Restate word for word the section of the entries that opens at the line containing "Fontainengarten und Kuppelsaal im Stadtpark" and closes at the line containing "Un piccolo camaleonte", both lines kept, pictures dropped.

+++ Records

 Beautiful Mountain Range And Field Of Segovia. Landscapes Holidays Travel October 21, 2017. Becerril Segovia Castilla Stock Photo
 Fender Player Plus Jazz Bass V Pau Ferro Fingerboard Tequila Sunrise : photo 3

++++++
+++ Records

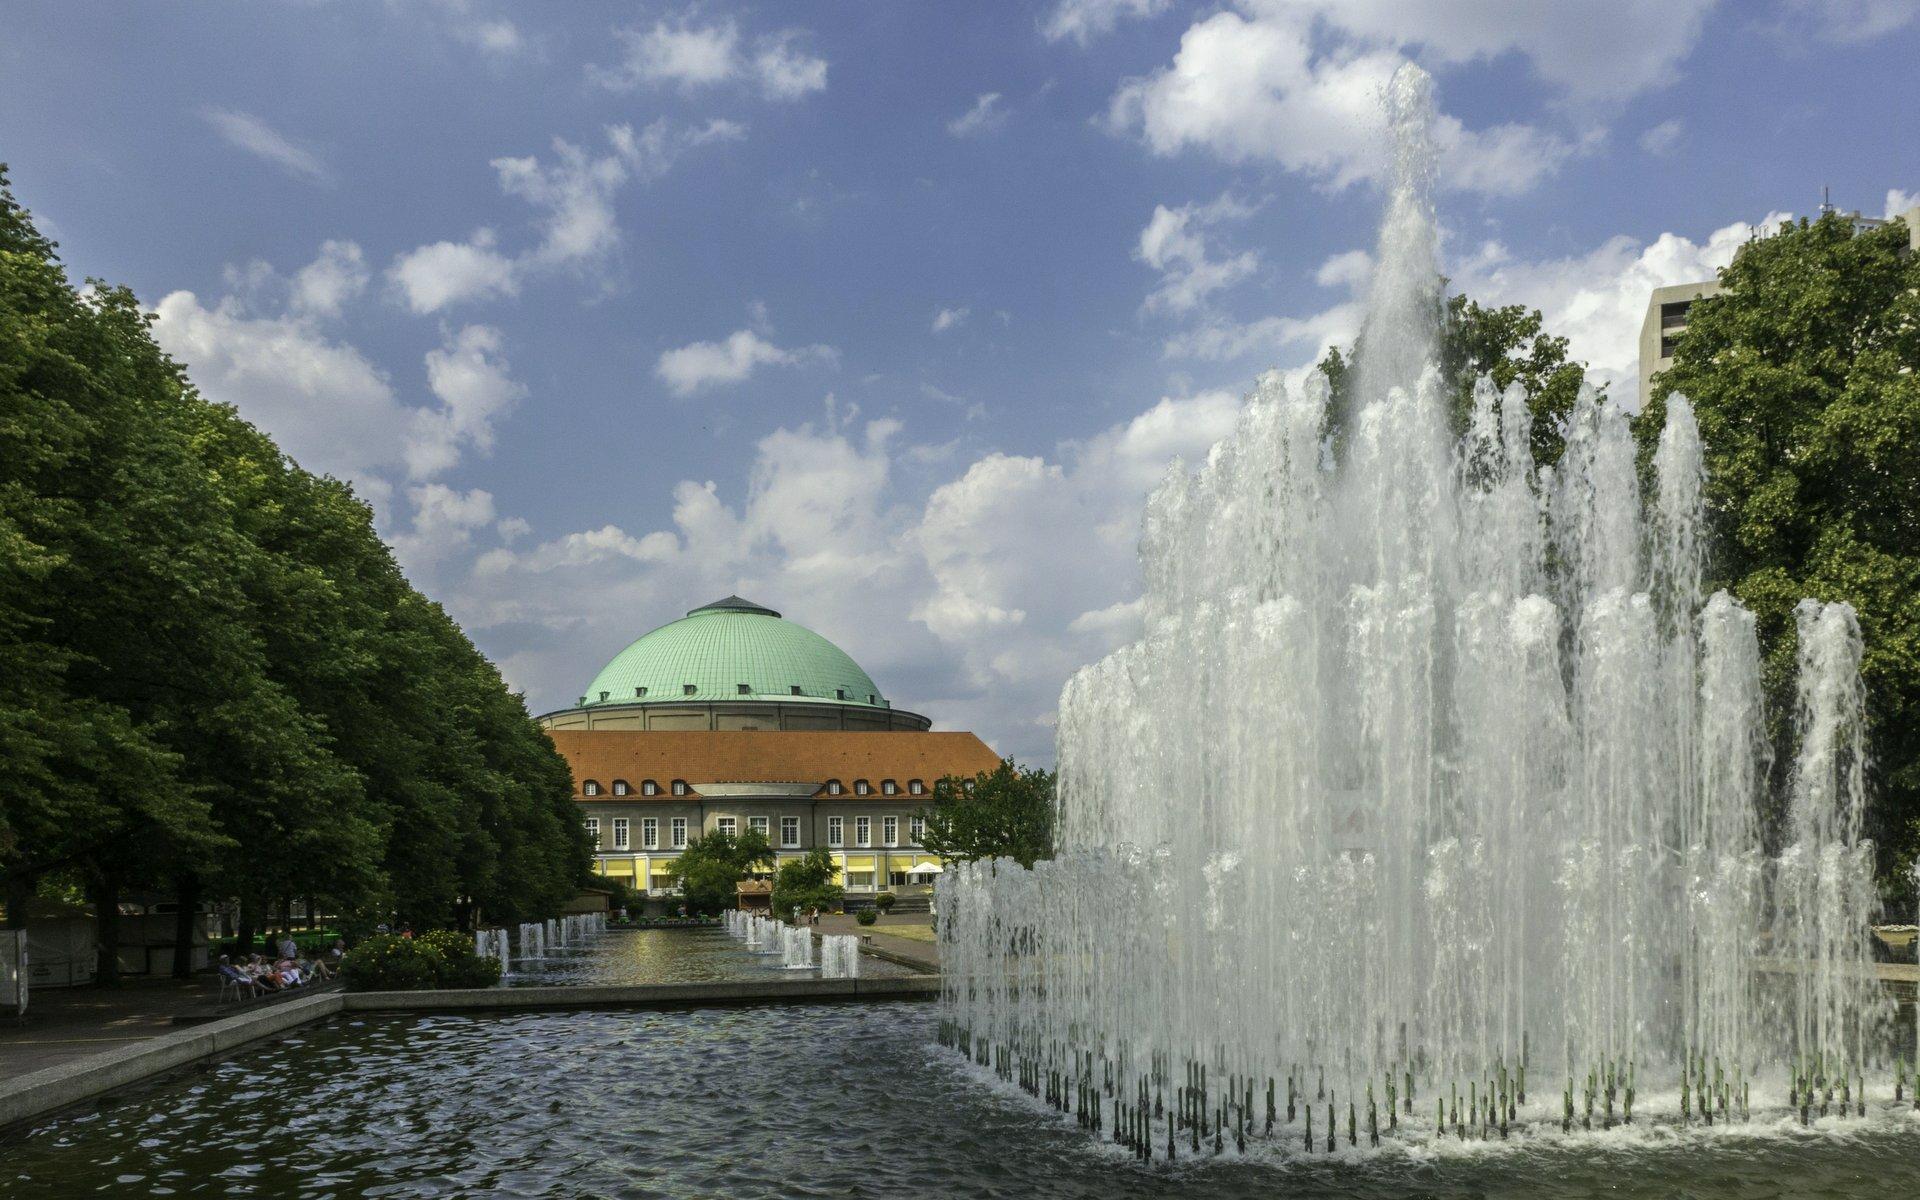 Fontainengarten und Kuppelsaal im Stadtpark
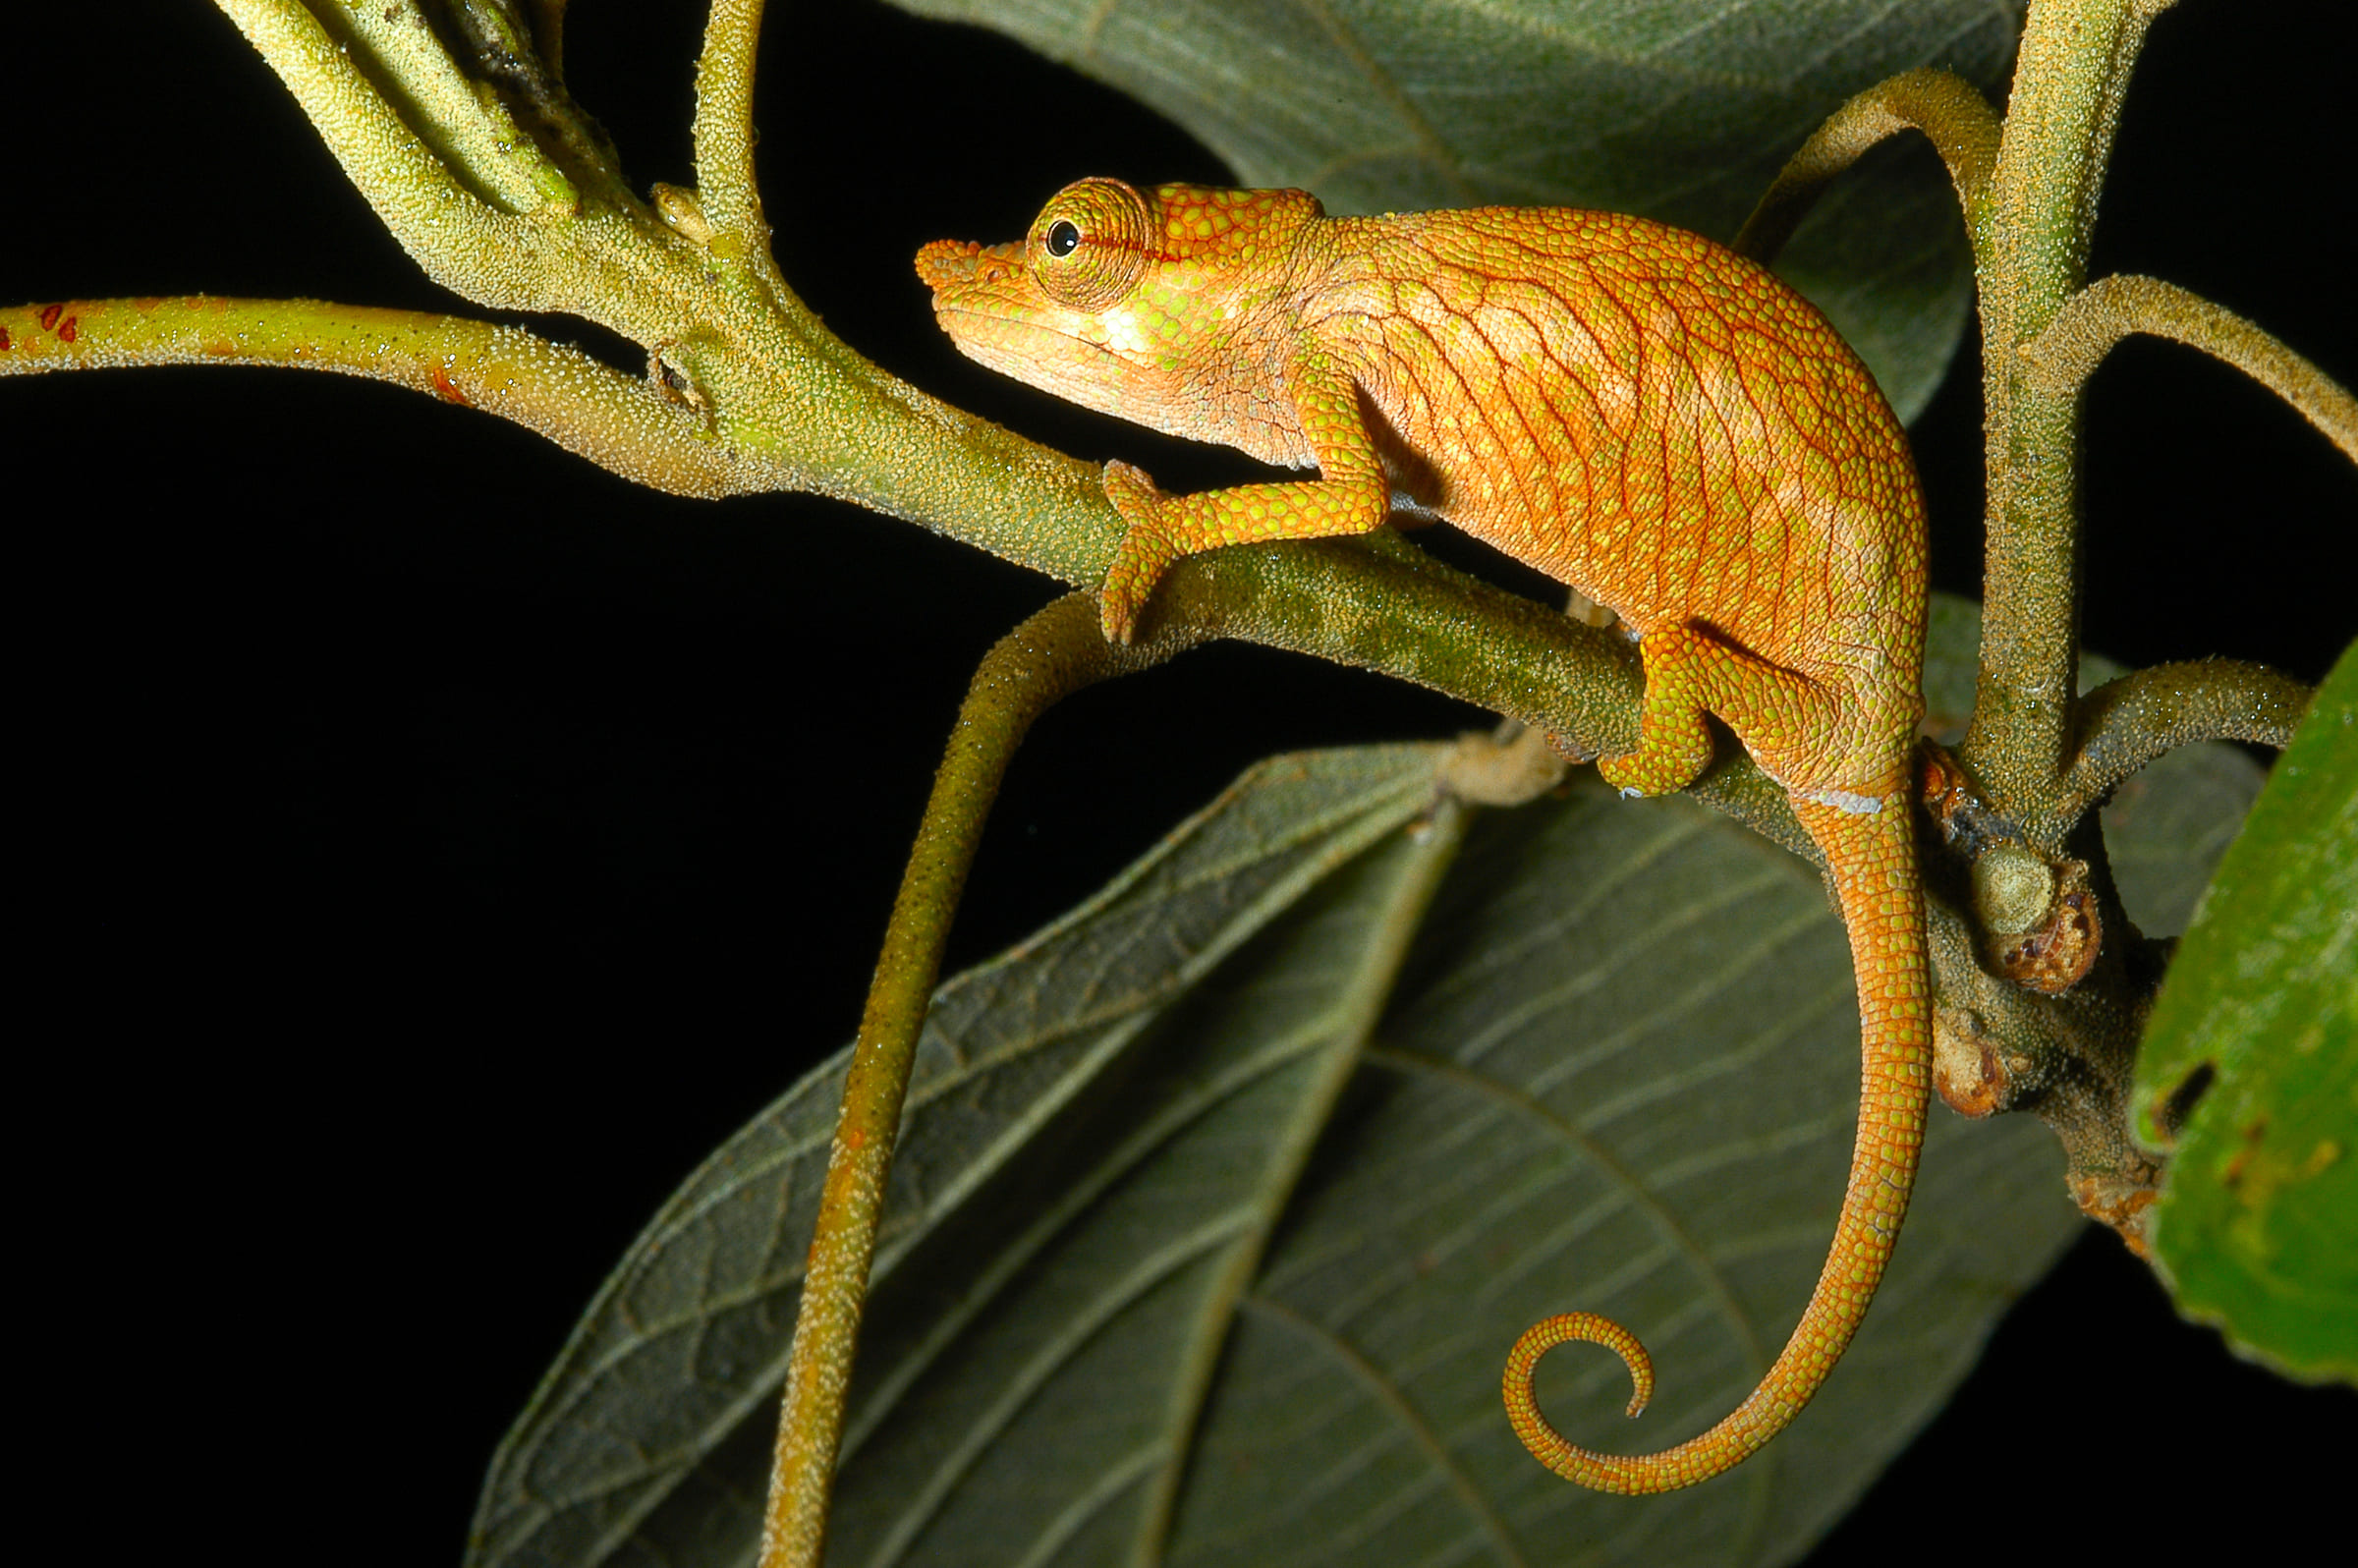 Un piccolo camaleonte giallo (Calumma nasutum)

++++++

**Answer box:**
 Fontainengarten und Kuppelsaal im Stadtpark
 Un piccolo camaleonte giallo (Calumma nasutum)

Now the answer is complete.